▸ **EXERCISE**: Using the listing below, set down exactly the lines from the one that contains "Folk Art British" through the one that contains "Nutanix CC Banner", with no pictures.
--- PROVIDED RECORDS ---
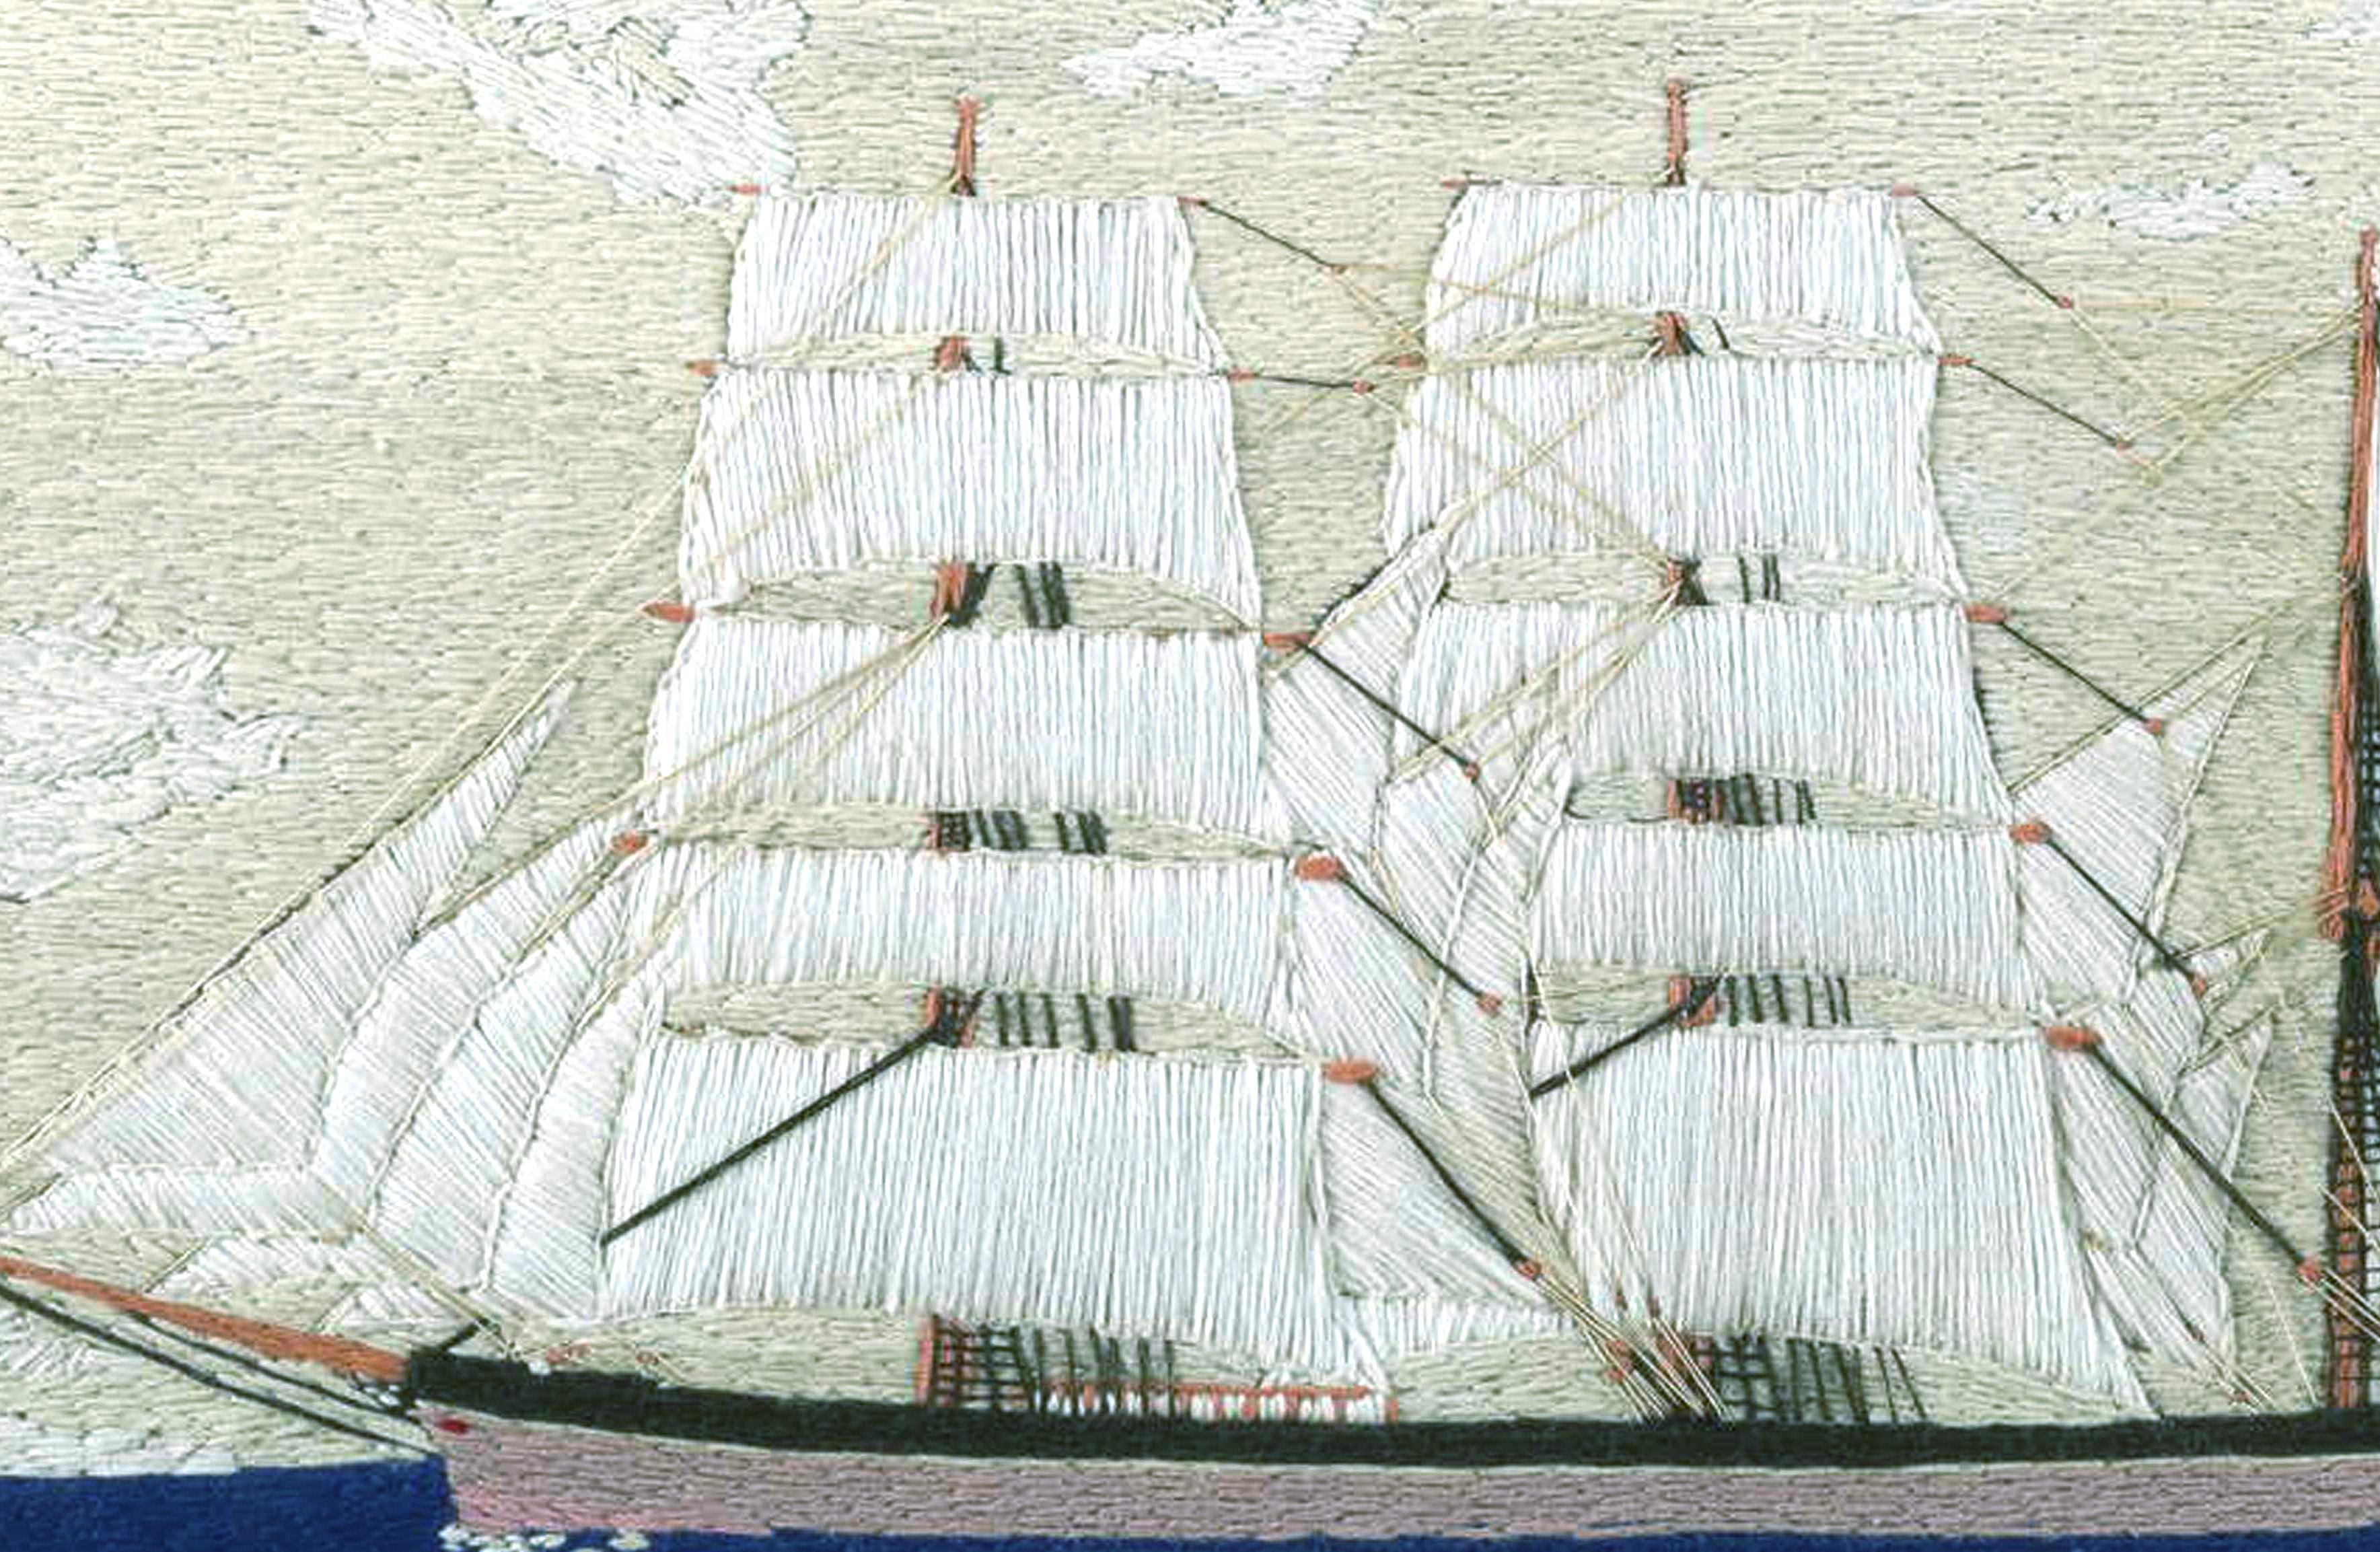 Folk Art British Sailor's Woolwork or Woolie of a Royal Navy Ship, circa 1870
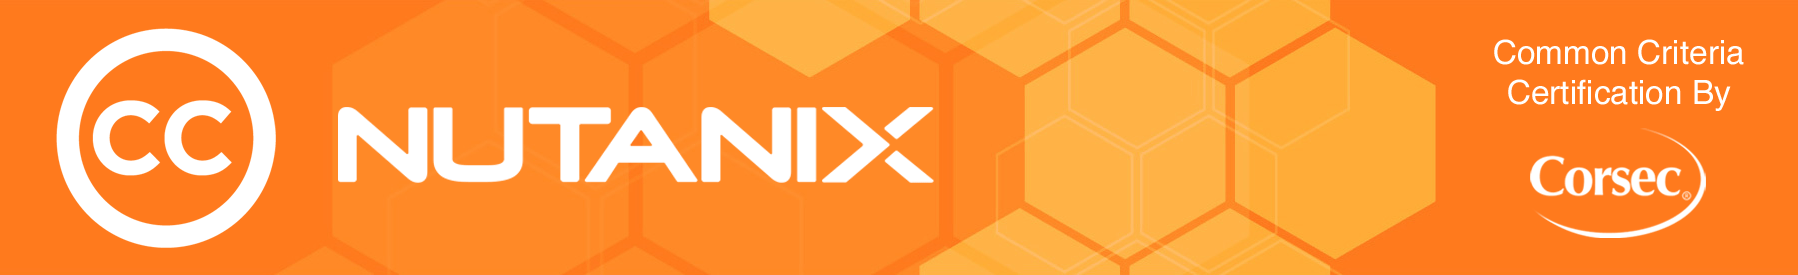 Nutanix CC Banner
---
--- PROVIDED RECORDS ---
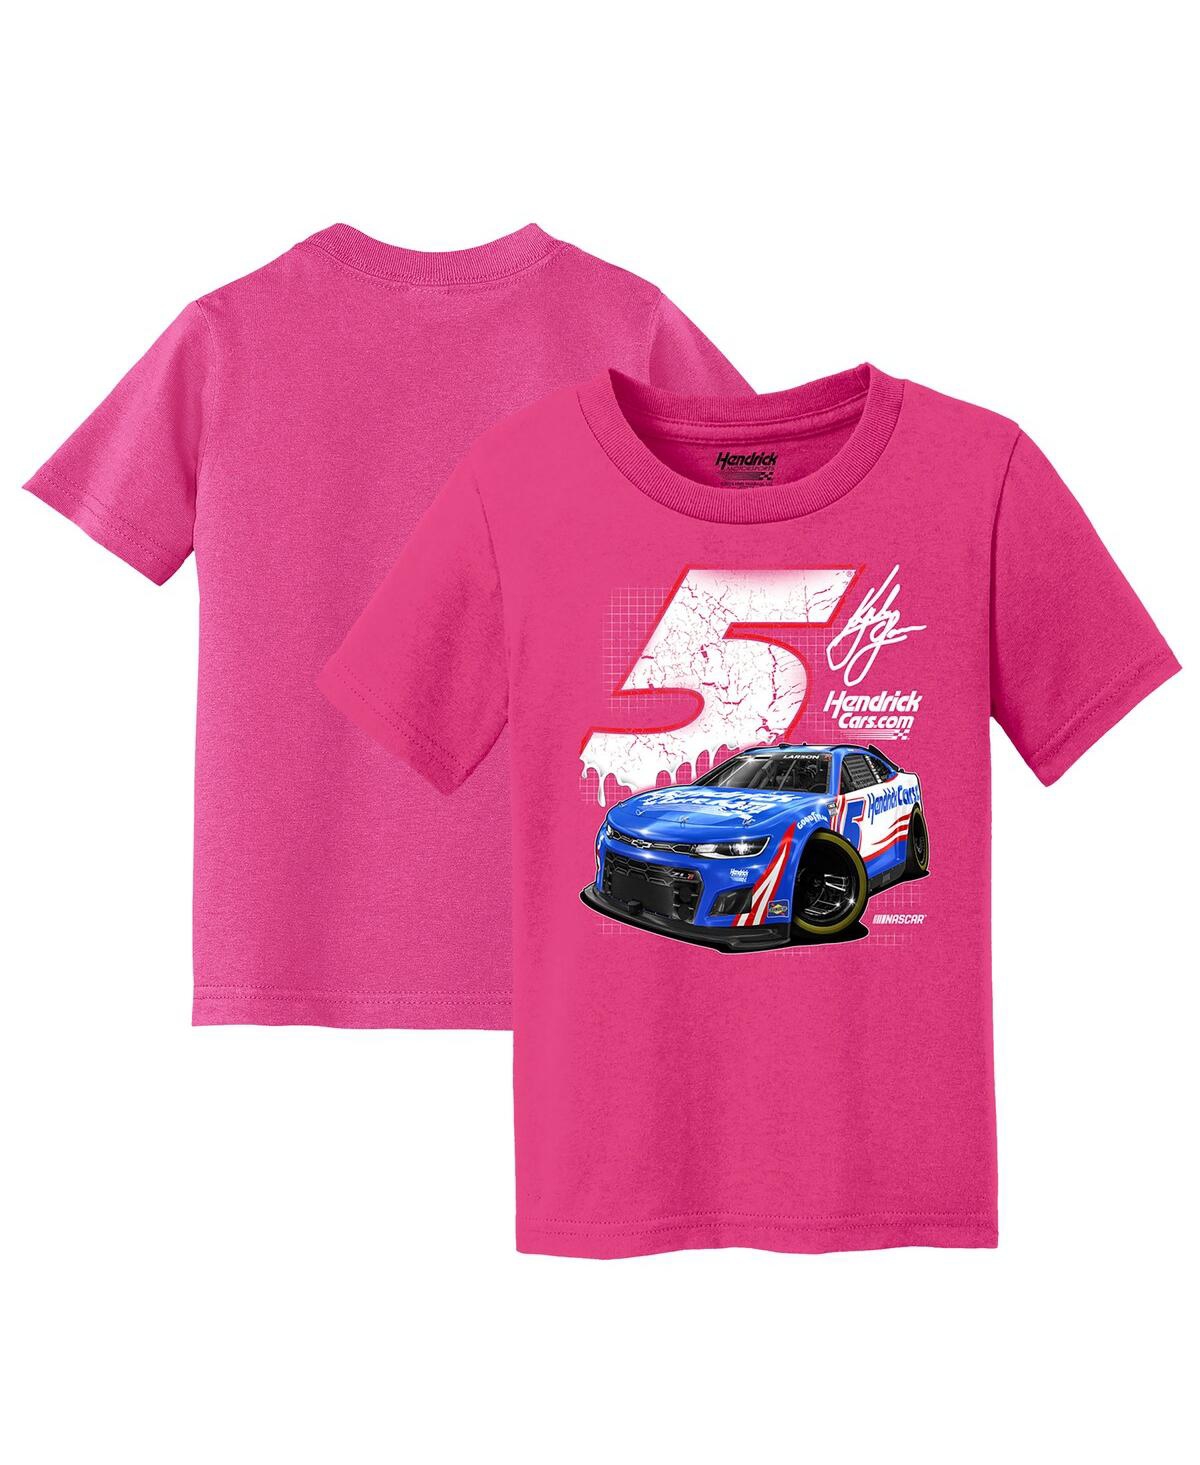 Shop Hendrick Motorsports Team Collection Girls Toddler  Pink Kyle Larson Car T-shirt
---
--- PROVIDED RECORDS ---
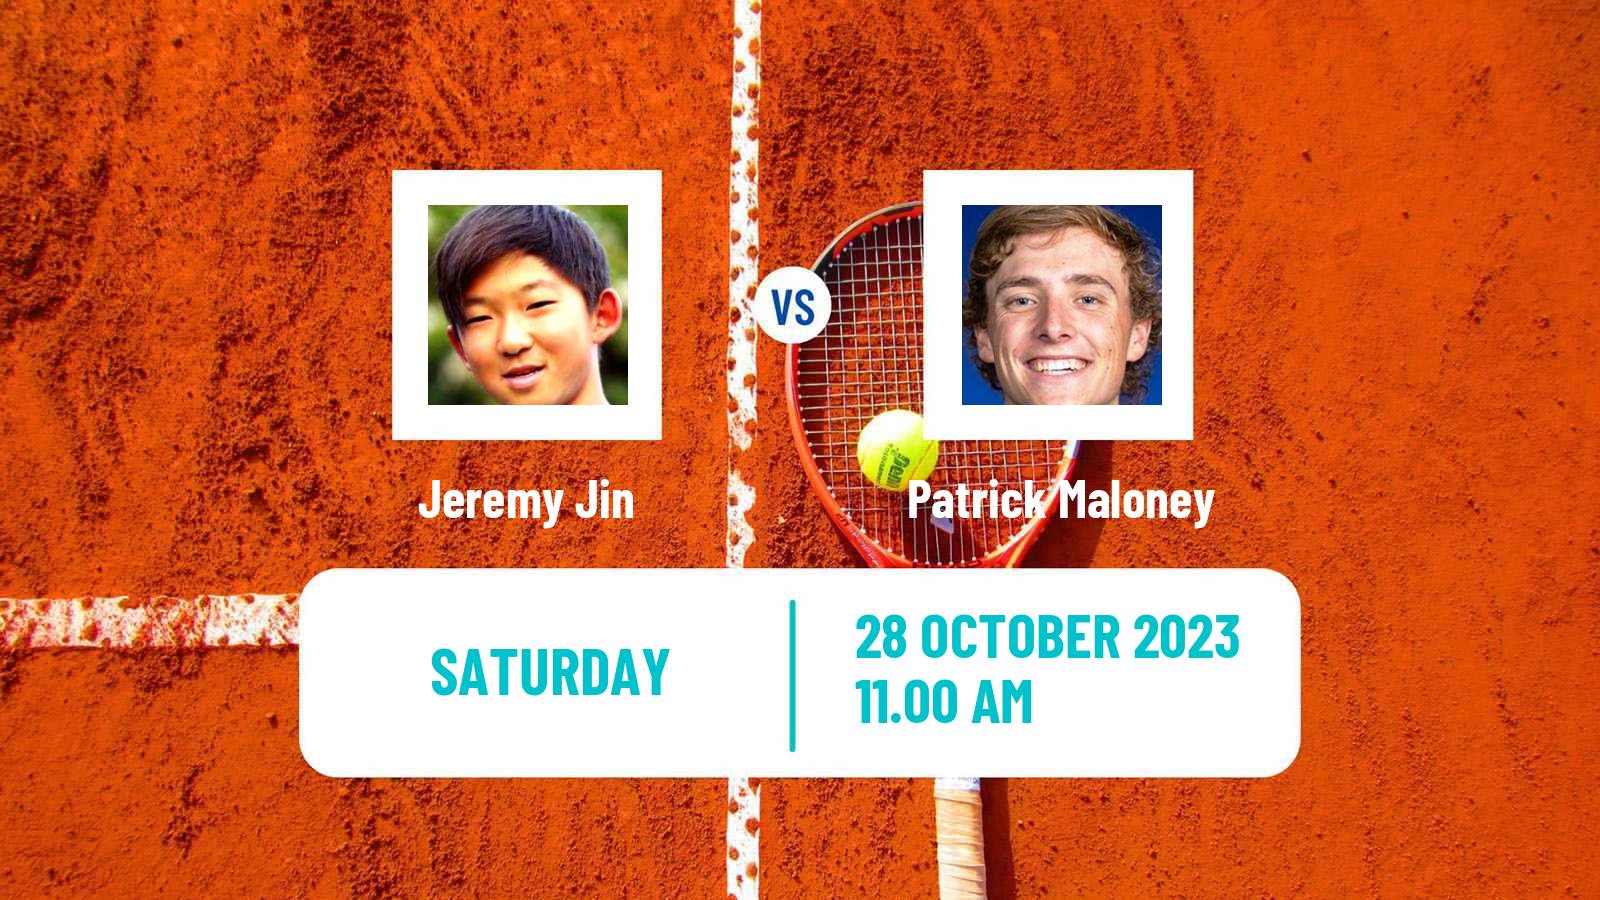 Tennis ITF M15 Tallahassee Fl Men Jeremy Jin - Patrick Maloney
---
▸ **RESULT FOR THIS EXERCISE**:
 Folk Art British Sailor's Woolwork or Woolie of a Royal Navy Ship, circa 1870
 Nutanix CC Banner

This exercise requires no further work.